Can $\mathbb{P}^n$ be regarded as an algebraic vector bundle over some algebraic variety? Is it possible that $\mathbb{P}^n$ is an algebraic vector bundle over some algebraic variety? This is an interesting question that my friend asked in a student seminar. I believe that the answer is NOT. Because the only global sections of $\mathcal{O}_{\mathbb{P}^n}$ are constants. However as a total space of vector bundles $E$ over $X$, the global sections are all in $\Gamma(X, \oplus Sym^n E)=\oplus \Gamma(X,Sym^n E)$ which may not be $\mathbb{C}$ in general. The trouble case is when $\Gamma(X, E)=0$? Am I correct? Is there any other explanation?
Edit: Thanks to everyone for your comments and answer. It seems that compactness is the correct way to follow. 
However, I still wondering that why the argument on sections doesn't work. In other words, is there an example of a non-proper algebraic variety whose structure sheaf only has constant global sections.
 A: Stephen Griffeth's argument works over any field. The total space of a vector bundle is never proper (follows by, e.g., valuative criterion for properness). On the other hand, $P^n$ is always proper.

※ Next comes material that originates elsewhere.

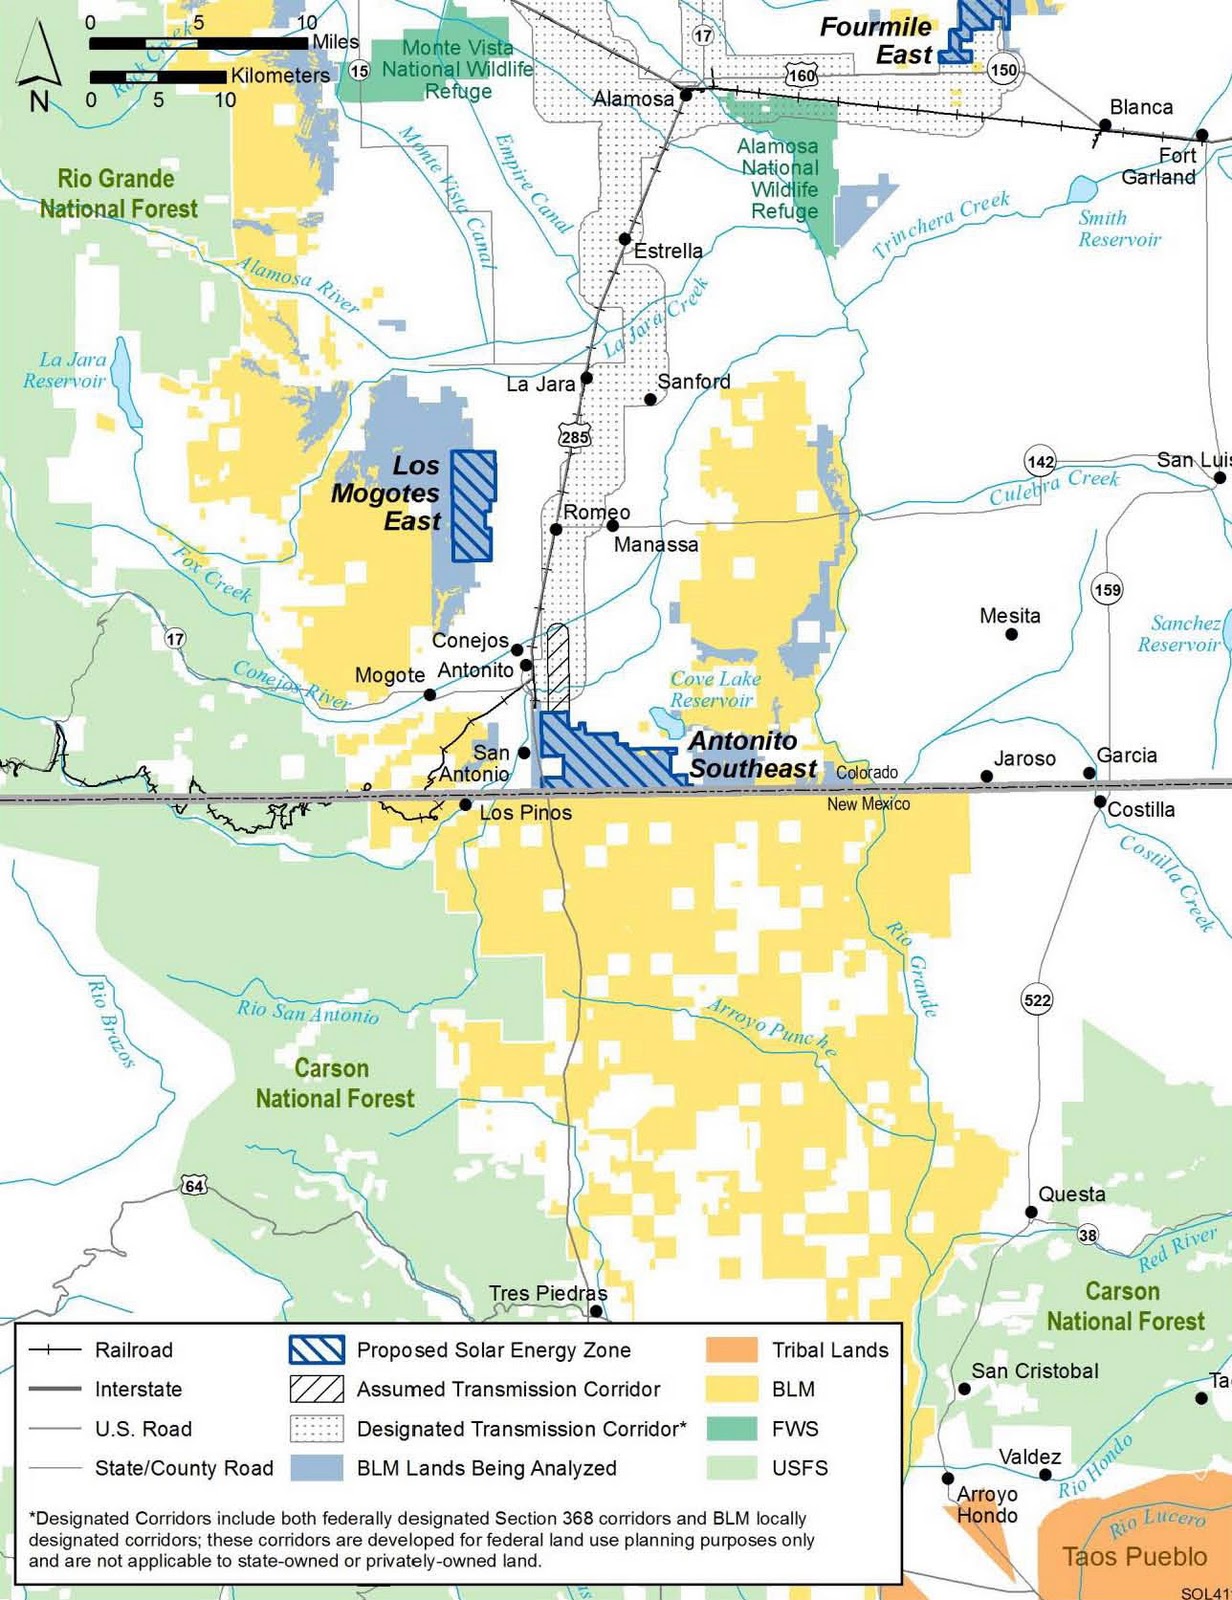 COLORADO MAP Supplement to the Draft Solar PEIS

Here is an argument that the total space of a vector bundle is not proper: A fiber of a vector bundle is isomorphic to $A^n$ . Moreover, the fiber considered as a subscheme is a closed subscheme. You can map $(A^1 \setminus 0)$ into the fiber by a map like $f(x)=1/x$. This map can't extend over zero, because if it did, then zero would be sent to something in the closure of the fiber. But the fiber is already closed, so zero would be sent to the fiber, contradiction.

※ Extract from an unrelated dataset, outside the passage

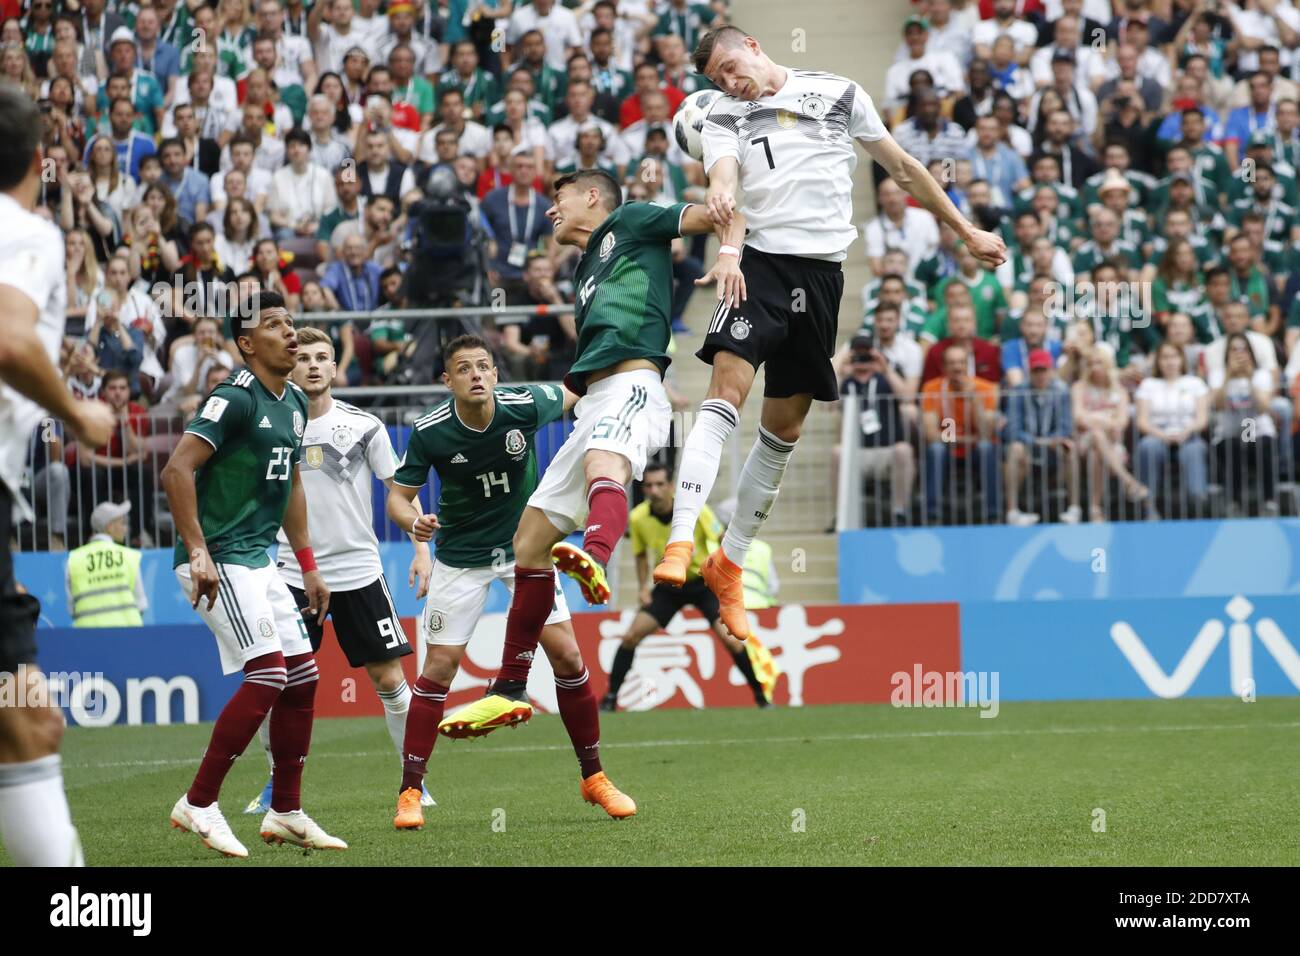 Germany's Julian Draxler battles Mexico's Hector Moreno during the 2018 FIFA World Cup Russia game, Germany vs Mexico in Luzhniky Stadium, Moscow, Russia on June 17, 2018. Mexico won 1-0. Photo by Henri Szwarc/ABACAPRESS.COM Stock Photo

Edit: Of course, amaanush's answer is a much better answer than mine!
A: That's right. I think the one sentence rephrasing of Kevin's argument would be proper morphisms are stable under pullback (this is obvious by the very definition of properness which is stated through the pullbacks).
Of course a variety is proper if and only if the structure map to the point scheme (spec k) is proper. Thus a closed fibre of a locally trivial fibre-bundle, with total-space proper, is proper (complete)-- which cannot be the case for a vector bundle.
On the other hand that does not apply to $\mathbb{A}^n \hookrightarrow \mathbb{P}^n$, as the pullback will just give $\mathbb{A}^n \stackrel{id}{\longrightarrow} \mathbb{A}^n$ is proper, which is fine :).
A: Heh, actually it is a rank zero vector bundle over itself.  Don't forget this possibility, folks!
A: In answer to your last question, on why the "sections" argument does not work: Let $X = \mathbb{P}^n_k$, and let $E$ be the line bundle over $X$ with sheaf of sections given by $\mathcal{O}(-1)$.  Then the global sections of $E$ are given by
$$\Gamma(E, \mathcal{O}_E) \cong \Gamma(X, Sym(\mathcal{O}(-1)))
\cong \bigoplus_{n=0}^{\infty} \Gamma(X, \mathcal{O}(-n))
\cong k.$$
Thus, the global sections of $E$ are all constant.  However, as the arguments given in the other answers show, $E \to \text{Spec} k$ is not proper.